The **grading** for each task is the following:
- correct answer - **full points**
- insufficient solution or solution resulting in the incorrect output - **half points**
- no answer or completely wrong solution - **no points**

Even if you don't know how to solve the task, we encourage you to write down your thoughts and progress and try to address the issues that stop you from completing the task.

When working on the written tasks, try to make your answers short and accurate. Most of the times, it is possible to answer the question in 1-3 sentences.

When writing code, make it readable. Choose appropriate names for your variables (`a = 'cat'` - not good, `word = 'cat'` - good). Avoid constructing lines of code longer than 100 characters (79 characters is ideal). If needed, provide the commentaries for your code, however, a good code should be easily readable without them :)
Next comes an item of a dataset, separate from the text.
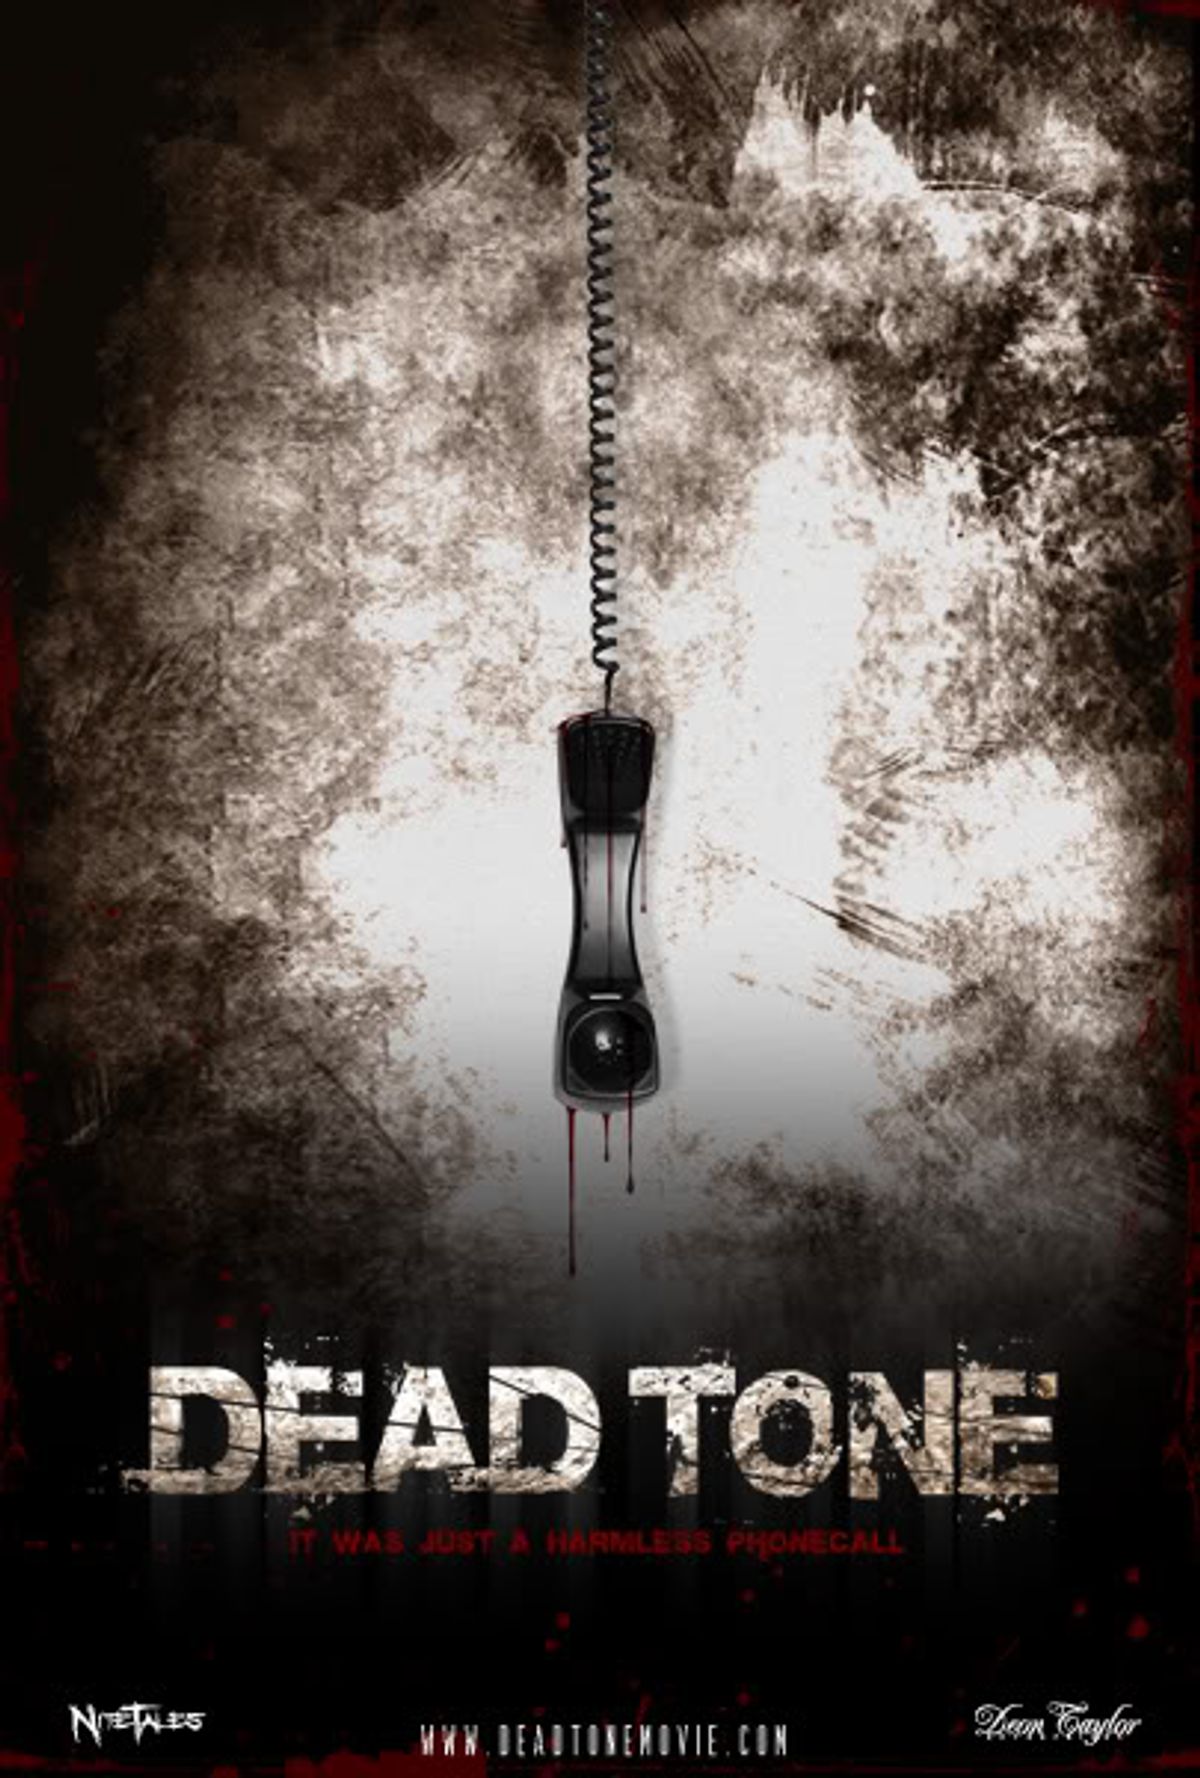 A promotional poster for "Dead Tone." Sadly, Flavor Flav is not pictured.

Finally, all your answers should be written only by yourself. If you copy them from other sources it will be considered as an academic fraud. You can discuss the tasks with your classmates but each solution must be individual.

<font color='red'>**Important!:**</font> **before sending your solution, do the `Kernel -> Restart & Run All` to ensure that all your code works.**

In [22]:
import nltk
from nltk import word_tokenize, sent_tokenize, pos_tag
from nltk.stem import PorterStemmer, WordNetLemmatizer
from nltk.corpus import stopwords, wordnet
nltk.download('stopwords')
nltk.download('wordnet')
nltk.download('punkt')
nltk.download('averaged_perceptron_tagger')

import spacy
nlp = spacy.load("en_core_web_sm")

from tqdm import tqdm
import re
from collections import defaultdict, Counter

[nltk_data] Downloading package stopwords to /root/nltk_data...
[nltk_data]   Package stopwords is already up-to-date!
[nltk_data] Downloading package wordnet to /root/nltk_data...
[nltk_data]   Package wordnet is already up-to-date!
[nltk_data] Downloading package punkt to /root/nltk_data...
[nltk_data]   Package punkt is already up-to-date!
[nltk_data] Downloading package averaged_perceptron_tagger to
[nltk_data]     /root/nltk_data...
[nltk_data]   Package averaged_perceptron_tagger is already up-to-
[nltk_data]       date!


### Task 1. Find the data (0.5 points)

Find large enough text data in English or [any other language supported by Spacy](https://spacy.io/usage/models). If the resources for your language are very limited, you may use English or other language of your preference.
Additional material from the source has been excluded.